This creates a hybrid data stream in which the signals representative of 
useful data are displaced laterally from the "Reference White Level" 
pulses. The hybrid data stream is transmitted through the optical channel 
to the receiver. A control signal which indicates the absence of data in 
the hybrid data stream is also transmitted to the receiver. At the 
receiver, the presence of the control signal indicates a time period when 
there is no informational data in the received signal. The changes which 
the reference pulses undergo as they are transmitted through the optical 
channel are measured, during this time period, and generate error signals 
which are used to adjust the gain of the receiving amplifier. During the 
adjustment period the output of the amplifier is not available for use. 
Because of the nature of video signals, our invention is ideal for use in a 
video channel. Video signals have regularly recurring blanking intervals 
with associated synchronizing (sync) pulses. The "Reference White Level" 
pulses are inserted at predetermined times relative to the sync pulses. 
Since the "Reference White Level" pulses are occurring at known times, 
they are extracted at the receiver without adversely affecting the video 
signal that is displayed on the monitor. Changes in the pulses are 
determined and are used to adjust the gain of the receiving video 
amplifier. During the adjustment period the input of the display monitor 
is tied to the blanking level which is already available in video signals. 
Following the adjustment period, the input of the display monitor is 
switched to display incoming video information. In addition, the present 
invention provides appropriate circuit arrangements which generate the 
above described hybrid and control signals. 
The following and other features and advantages of the present invention 
will be more fully described in the accompanying drawings.

DETAILED DESCRIPTION OF THE PREFERRED EMBODIMENT 
The present invention may be used in any communications channel in which 
analog signals are to be transmitted.

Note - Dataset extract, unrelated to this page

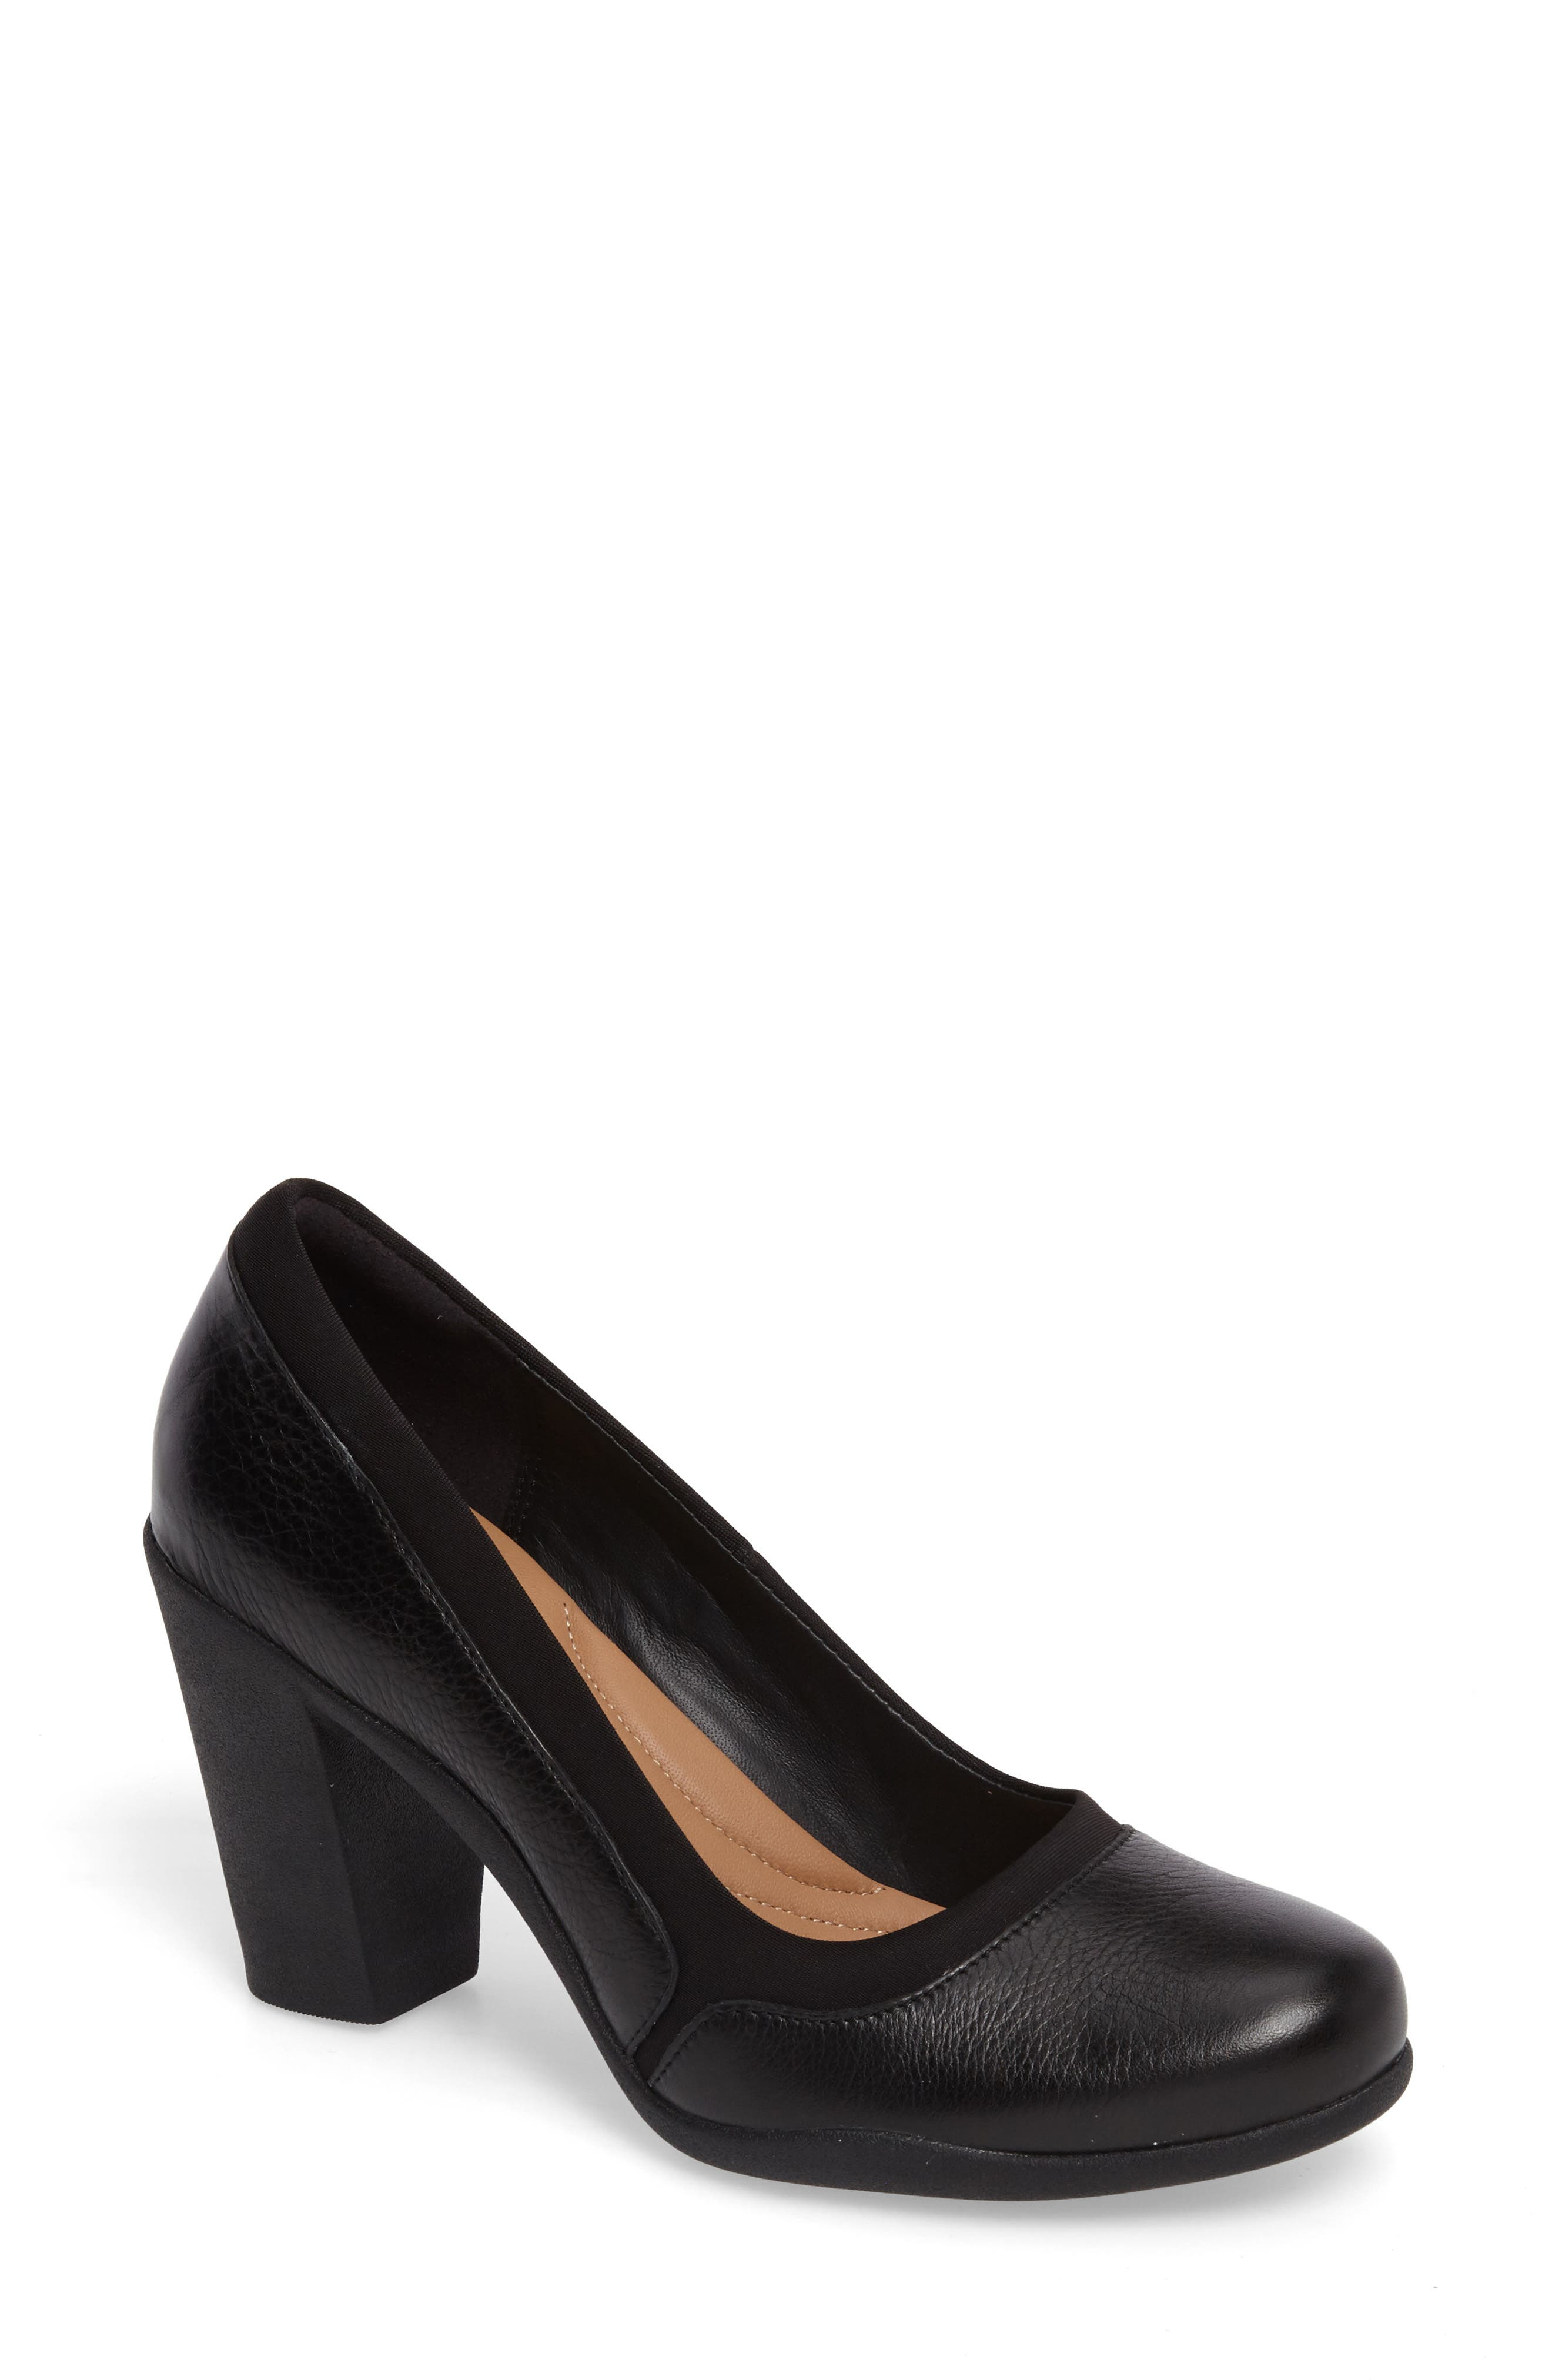 Ayda Maia Pump,                         Main,                         color, Black Leather

It works well in a communications 
channel in which video information is being transmitted. As such, it will 
be described in that environment. However, this should not be construed as 
a limitation on the scope of the present invention since it is well within 
the skill of one skilled in the art to adapt the teachings of the present 
invention to cover other types of analog channels. 
FIG. 1 shows a system block diagram of the video communications channel 
according to the teaching of the present invention. The video 
communications channel includes a video generator 8, electro/optical 
transmitter 10, fiber optic cable 12 and electro/optical receiver 14. The 
electrical video generator can be an off-shelf conventional generator such 
as the one called "A Triple 4-Bit D/A Converter" (P/N AD9702) by Analog 
Devices, Inc. A description of the generator or module is set forth at 
page 2-391 of the Data Conversion Products Data Book 1989/90. In addition, 
a subsystem which generates video for a display apparatus is set forth in 
"Computer Data Display" by Samuel Davis, Prentice-Hall, Englewood Cliffs, 
N.J., 1969 (pages 170-171). Another subsystem which generates video for a 
display is set forth in the section entitled "Video Subsystem", of the 
"IBM Personal System/2 Hardware Interface Technical Reference (68X2330)". 

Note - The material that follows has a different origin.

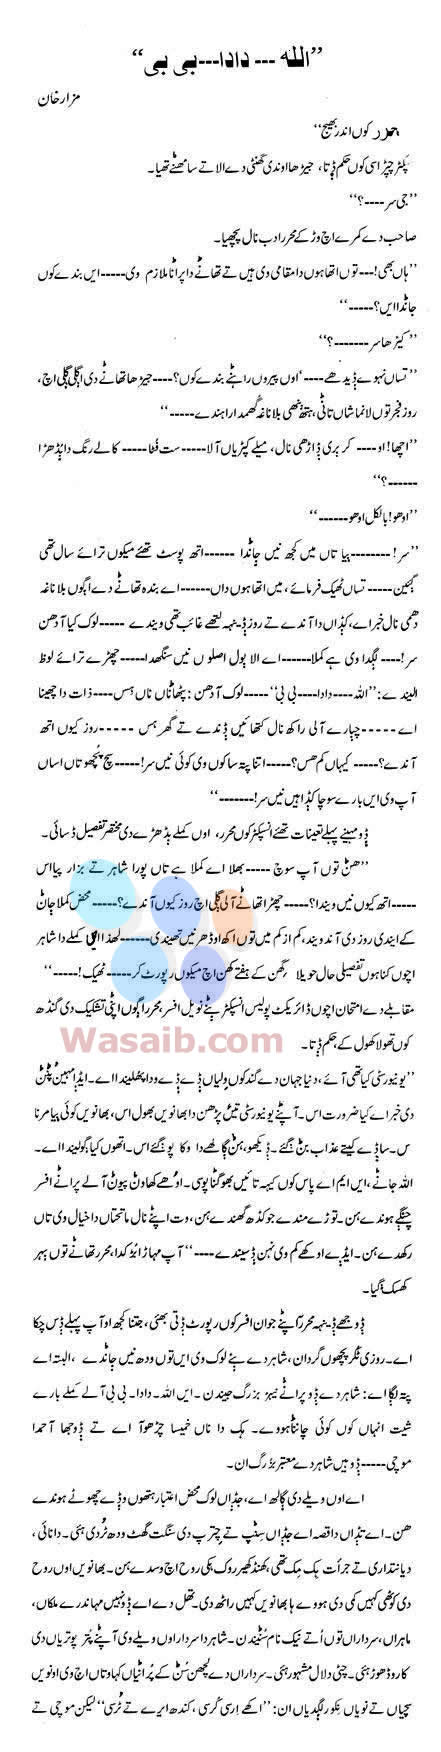 Seraiki Afsana Allah...Dada...Bibi (Mazar Khan) Part-1

The INMOS module P. N. IMS-G171 is used in the IBM subsystem. The named 
prior art references are herein incorporated. Such generators are well 
known in the prior art; therefore, further description will not be given. 

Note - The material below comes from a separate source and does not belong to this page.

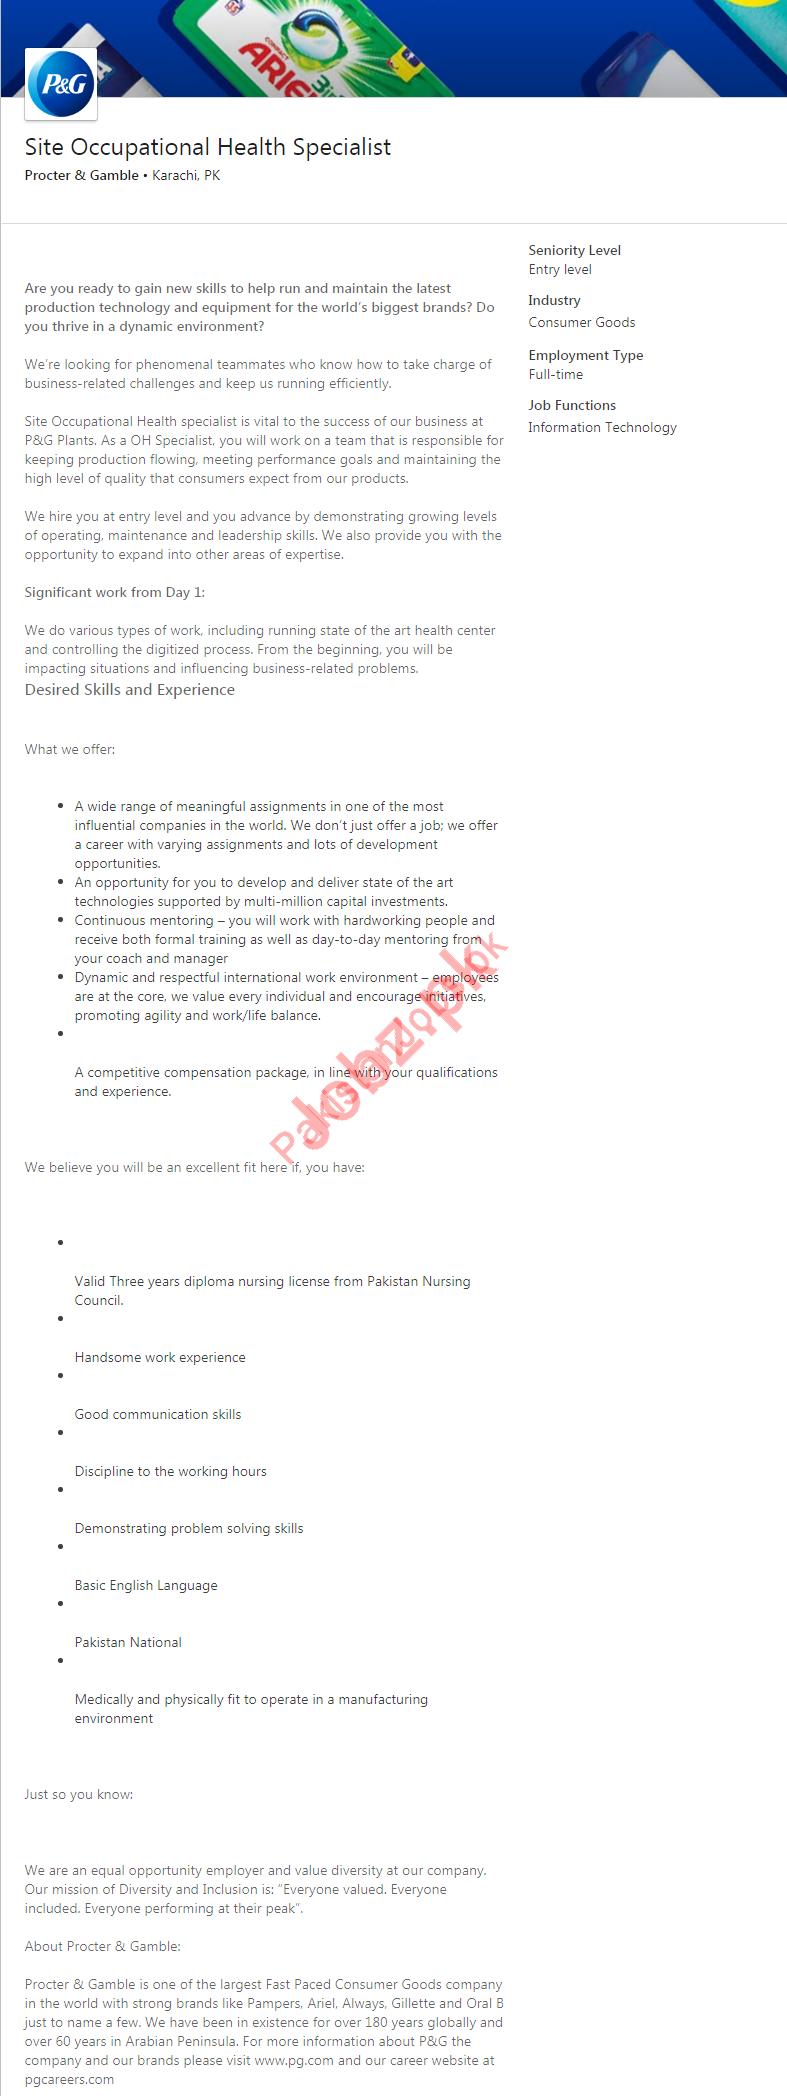 Site Occupational Health Specialist Job 2019 in Karachi

Suffice it to say that the video generator generates an electrical video 
input signal which is fed into the electro/optical transmitter 10. The 
electro/optical transmitter 10 includes control electronics 16 and 
infrared (IR) light emitting diode (LED) 18. Likewise, the electro/optical 
receiver 14 includes photodiode 20 and receiver control electronics 22. As 
will be explained subsequently, the transmitter control electronics 16 
accepts the electrical video input signal and generates a hybrid signal 
(to be described hereinafter) which is used to modulate the IR-LED to 
output a light signal representative of the hybrid signal. The modulated 
light signal is conveyed by optical fiber 12 to the electro/optical 
receiver 14. The photodiode 20 converts the light signals into electrical 
signals which are processed by receiver control electronic 22 to output an 
electrical video signal which is used to display information on a CRT or 
similar display tube (not shown). 
FIG. 2 shows a circuit arrangement for transmitter 10. The circuit 
arrangement is for a voltage mode video input signal. A circuit 
arrangement for a current mode video source input signal will be described 
hereinafter. The transmitter includes IR-LED 18, transconductance 
amplifier 24, white reference pulse generator 26 and IR-LED bias circuit 
28. The cathode or IR-LED 18 is connected to reference ground potential by 
resistor R3. The transconductance amplifier 24 accepts a voltage signal at 
its input and generates at its output a current signal representative of 
the input voltage signal. The current signal which is outputted from the 
transconductance amplifier 24 modulates IR-LED 18. The transconductance 
amplifier 24 further includes transistor T1, T2 and T3. The emitters of 
transistors T1 and T2 are connected through current source 32 to ground 
potential. The base of transistor T2 is connected to the cathode of IR-LED 
18. The emitter of transistor T3 is connected to the anode of IR-LED 18. 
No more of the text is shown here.